Читать интересную книгу Художественный мир Гоголя - Семен Машинский

Шрифт:

-
+

Интервал:

-
+

Закладка:

Сделать
1 ... 86 87 88 89 90 91 92 93 94 ... 130

Языковое мастерство – чрезвычайно важный, может быть даже важнейший, элемент писательского искусства. Но понятие художественного мастерства, по убеждению Гоголя, еще емче, ибо оно более непосредственно вбирает в себя все стороны произведения – и его форму и содержание. Вместе с тем и язык произведения никак не нейтрален по отношению к его содержанию. Понимание этой очень сложной и всегда индивидуально проявляющейся взаимосвязи внутри искусства художественного слова лежит в самой сути эстетической позиции Гоголя.

Внутренний мир героев «Миргорода» или «Мертвых душ» раскрывается во всем – в их образе мышления, в их отношении к людям и к самим себе, в их внешнем портрете и, разумеется, также в языке. Гоголь всегда тонко и точно использует речевой материал персонажа в качестве средства его социальной и психологической характеристики. Белинский первым обратил внимание на то, что Гоголь «заставляет говорить своих героев сообразно с их характерами». Эта особенность гоголевской прозы приводила в восторг самых вдумчивых и взыскательных русских писателей.

Даже Лев Толстой, которому многое в художественной системе Гоголя не нравилось, приходил в восторг от того, как искусно и натурально гоголевские персонажи разговаривают: «Замечательно, что когда он описывает что-нибудь, выходит плохо, а как только действующие лица начнут говорить – хорошо».[203] Речь гоголевских персонажей – неотъемлемая грань их характера, их духовного склада.

Едва ли не самый наглядный тому пример – Чичиков.

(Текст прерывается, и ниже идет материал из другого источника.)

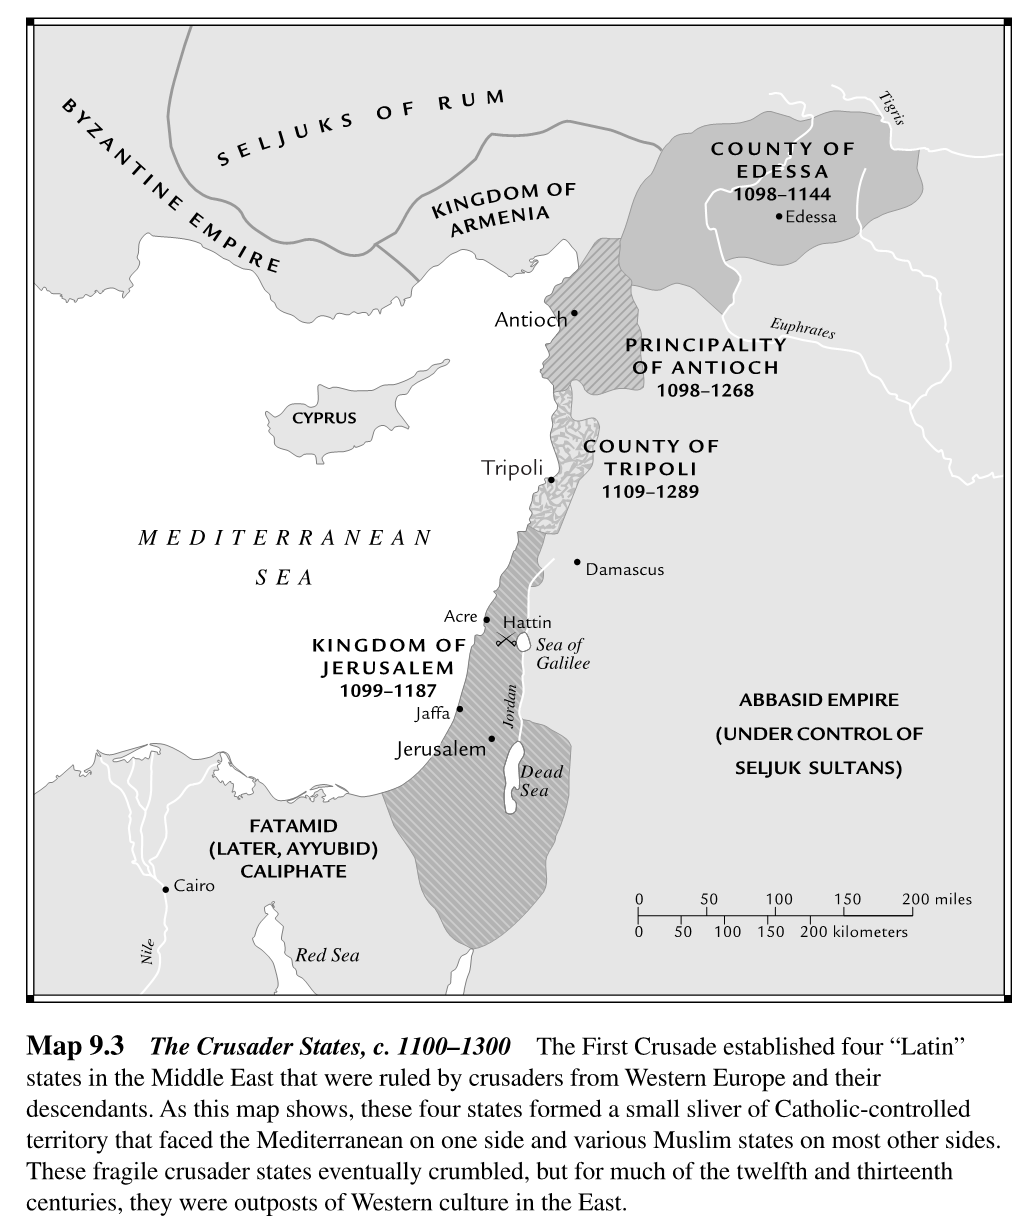 9.3 the Crusader States, C. 1100-1300

Его речевая «партитура» поразительна по своему разнообразию.

Деловитость и приятность в обхождении помогали Чичикову завязывать отношения с нужными людьми и добиваться их расположения. Он великолепно умел ориентироваться в любой обстановке, «во всем как-то умел найтиться». При этом в каждой ситуации Чичиков ведет себя по-разному. Он гибок и изворотлив. Смотря по обстоятельствам изменяется характер и тон его разговора: в одном случае он сентиментален и льстив, в другом – почтителен и угодлив, в третьем – сдержан и деловит, в четвертом – развязен и груб и т. д. Соответственно меняется и речь Чичикова. В каждой ситуации он предстает в новой маске. И всякий раз ей соответствует какая-нибудь стилистическая примета его языка.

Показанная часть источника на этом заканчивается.